Yang also notes that as US consumers are increasingly cash-strapped, they are willing to wait longer (Temu’s delivery times can be one to two weeks) for cheaper products. That’s a challenge for US giants like Amazon, which have prioritized speed of delivery above all else.
aliexpress
Last year AliExpress, the online marketplace of tech giant Alibaba, was the third most popular marketplace app in the UK, with 1 million downloads, behind Amazon and eBay. Instead of working directly with factories, it connects small businesses in China with consumers around the world to sell cheap products, often in bulk.
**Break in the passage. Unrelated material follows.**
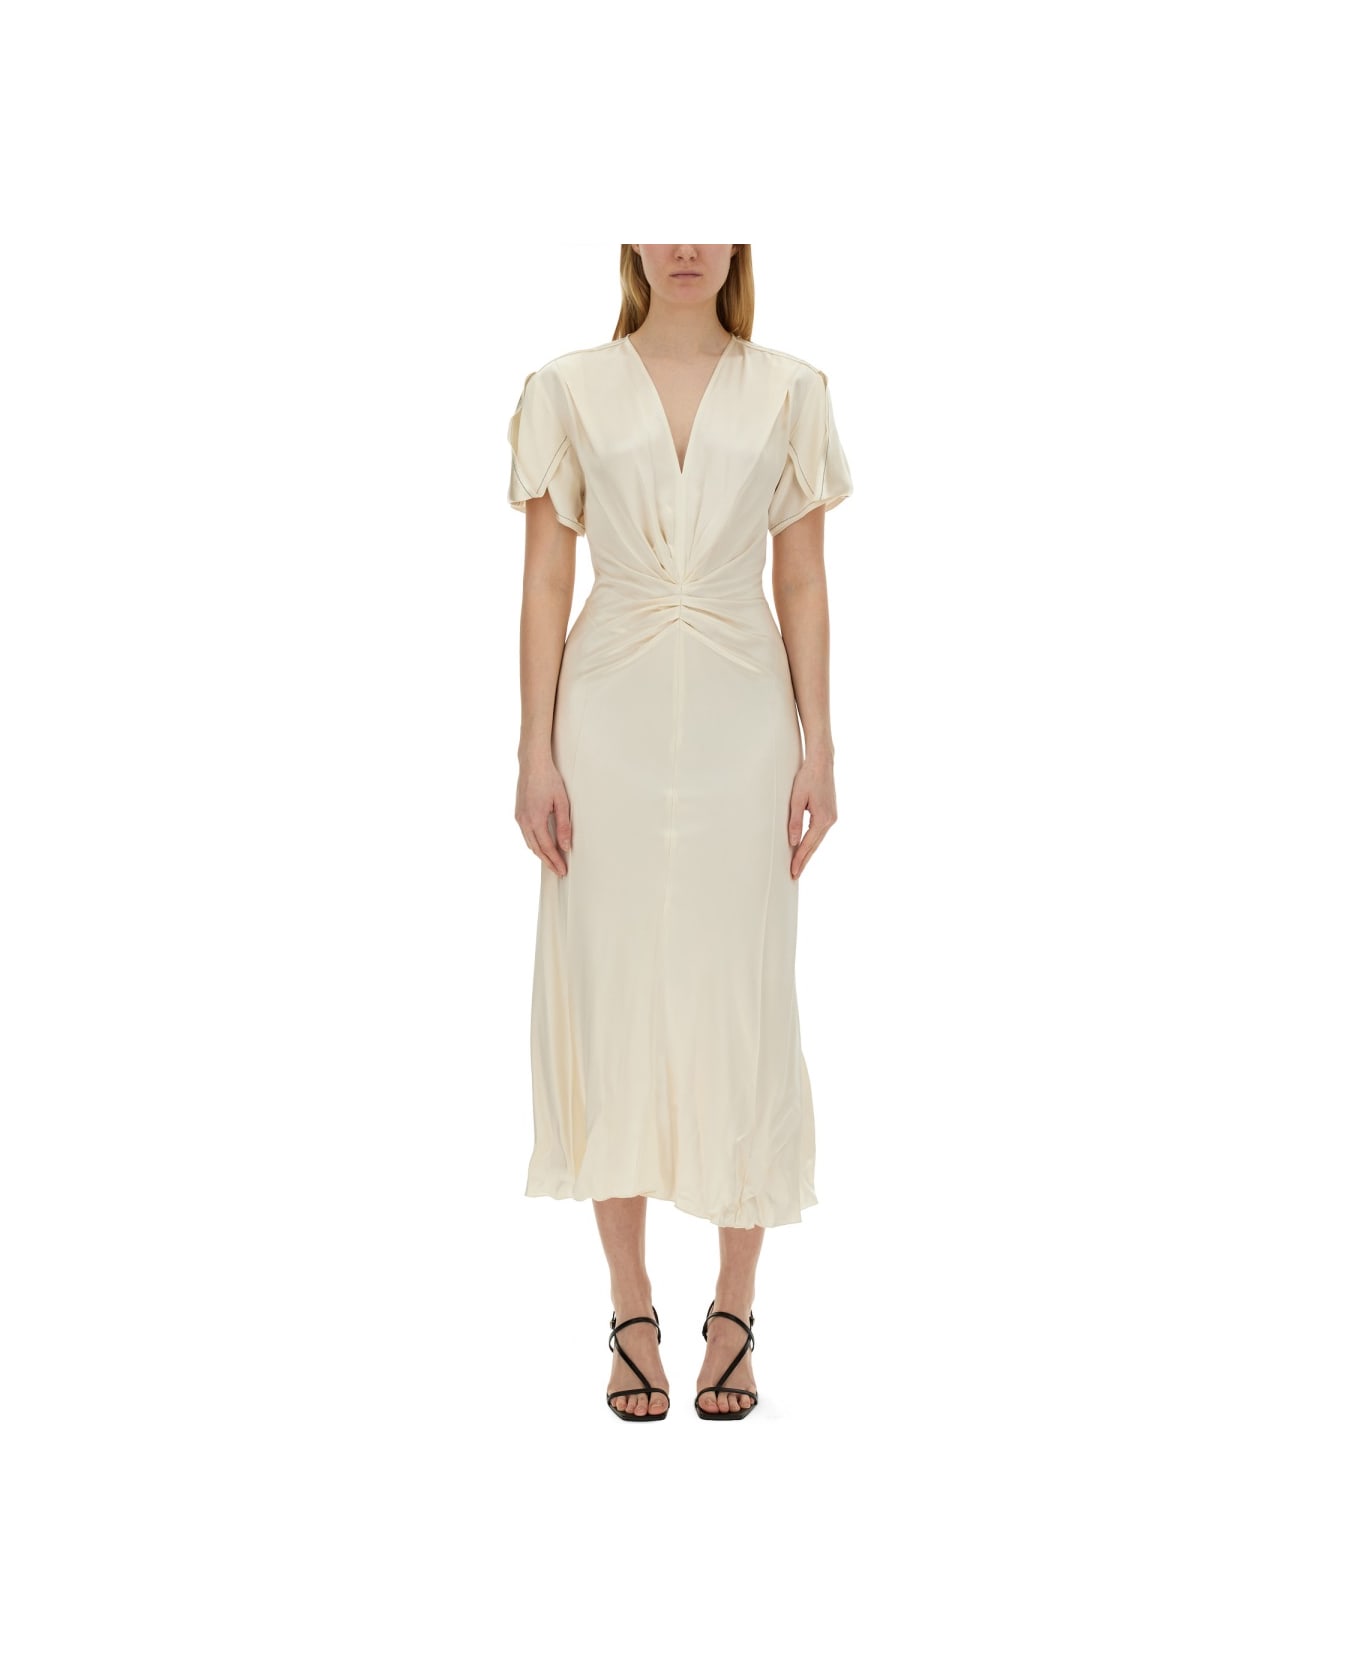 Victoria Beckham Midi Dress - White

However, despite being backed by China’s leading e-commerce platform, AliExpress has not managed to gain traction in the West as successfully as its newer rivals, such as Temu and Shein. Yang said part of the reason for this was that it didn’t have the “laser focus” of its competitors. Yang said AliExpress was “never really under pressure to prosper” in the West because Alibaba already had many arms in its business, including Taobao, for shopping, and Alipay, a ubiquitous mobile payment system in China.
What’s next for Chinese apps?
In theory, many of the accusations that have been leveled against TikTok, such as that it is bad for children’s mental health or censors political topics, should be less applicable to other Chinese apps that are popular in the West. Fast fashion and cheap cosmetics are less controversial than algorithmically delivered content that is seen as shaping young minds. And shopping apps like Temu and Shein rely on physical supply chains, so they are less likely to change or mask their Chinese ties.
But US lawmakers have warned that any Chinese-owned app could be vulnerable to data privacy breaches or interference from the Chinese Communist Party.
Some analysts have pointed out that the US does not have comprehensive data privacy laws, which means that users of any app have little control over how their data is used.
Ma said, “It doesn’t make much sense to me for a shopping app to catch up with [of scrutiny] as a media app. But my opinion is that it will not stop anyone from trying it.